For example, the appropriate acquisition direction differs between cases where you want to cover a wide area dominated by planar surfaces and cases where you want to read the surface shapes of walls or stone masonry in detail. There are situations where acquisition from overhead or from above is advantageous, and others where a side perspective is necessary. For objects with many blind spots, measurements from only one direction do not provide sufficient information. In practical work creating as-built preservation drawings, it is essential at the point cloud acquisition stage to first consider "which surfaces will become unseen."


Also, the effects of site conditions cannot be overlooked.

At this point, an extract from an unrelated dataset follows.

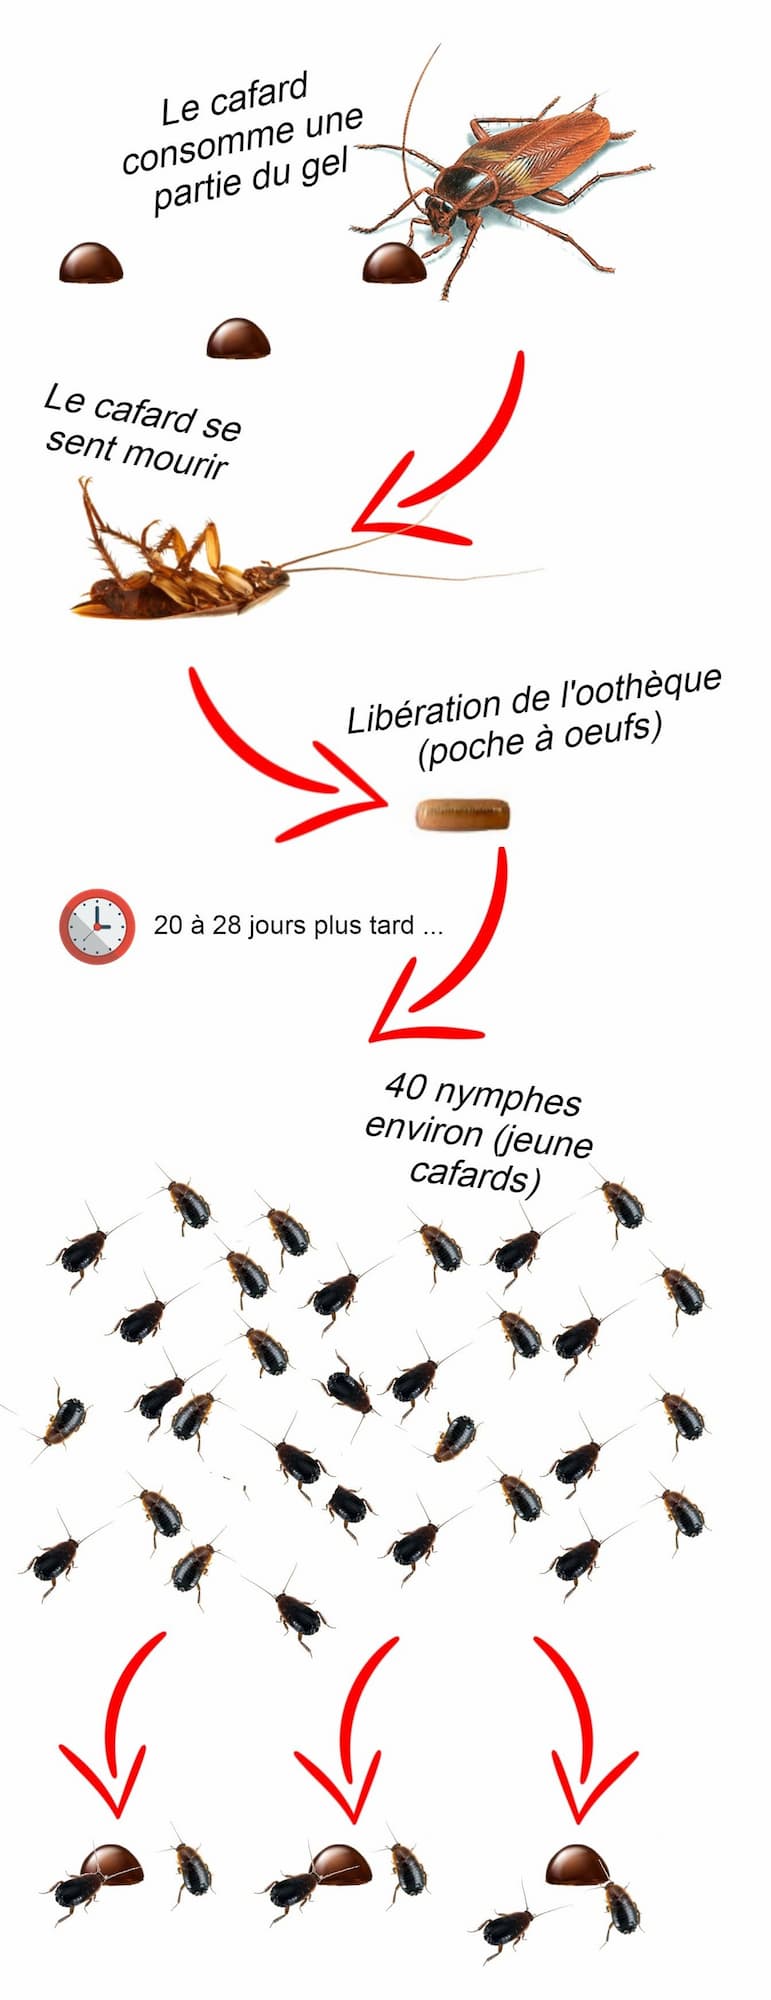 Schéma d'empoisonnement des lymphes de cafard par ingestion de gel BLANTOR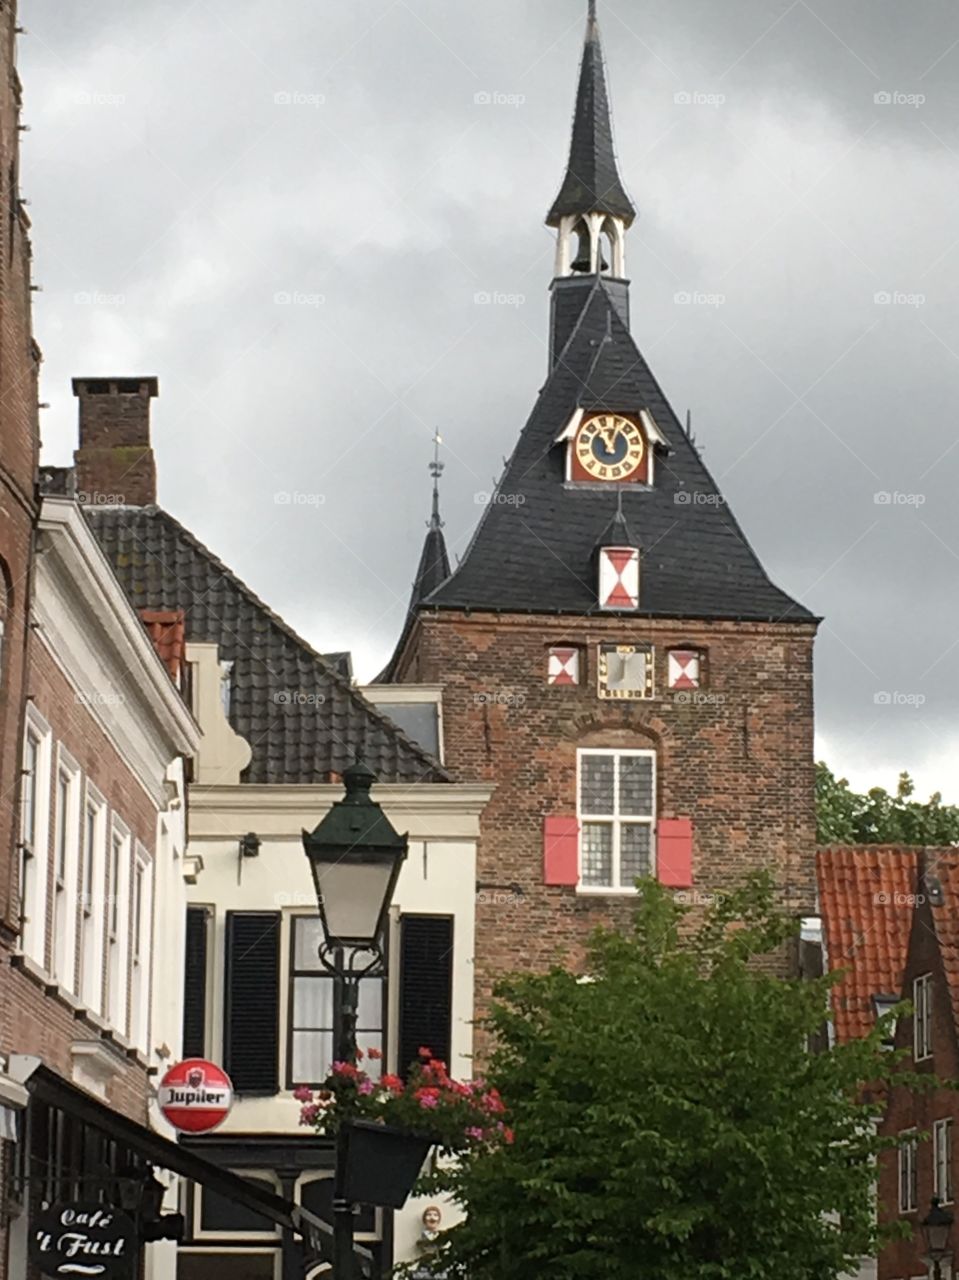 Tower "Lekpoort" in Vianen Holland

Confined spaces, strong sunlight, wet surfaces, highly reflective materials, vegetation cover, and the movement of people and vehicles can greatly affect point cloud quality. Depending on on-site conditions, it may be better to acquire the data in multiple sessions. In particular, if contours that should be preserved in as-built drawings are hidden by grass or temporary materials, post-processing may not be able to fully recover them. Before entering the site, considering whether unwanted items can be moved and whether work hours can be adjusted will reduce the effort required after acquisition.


Even more important is tying the data to control points and known points. Even if the point cloud is clean, if the references are ambiguous the reliability of the deliverables is reduced. When integrating multiple measurement datasets or when there is a possibility of re-surveying later, it is necessary to leave on-site references that can be verified. If this is omitted, each point cloud may be internally consistent yet difficult to compare with others or to align with drawings. As-built preservation drawings have meaning in "preserving the current condition in a form that can withstand future comparisons," so reproducible reference management is indispensable.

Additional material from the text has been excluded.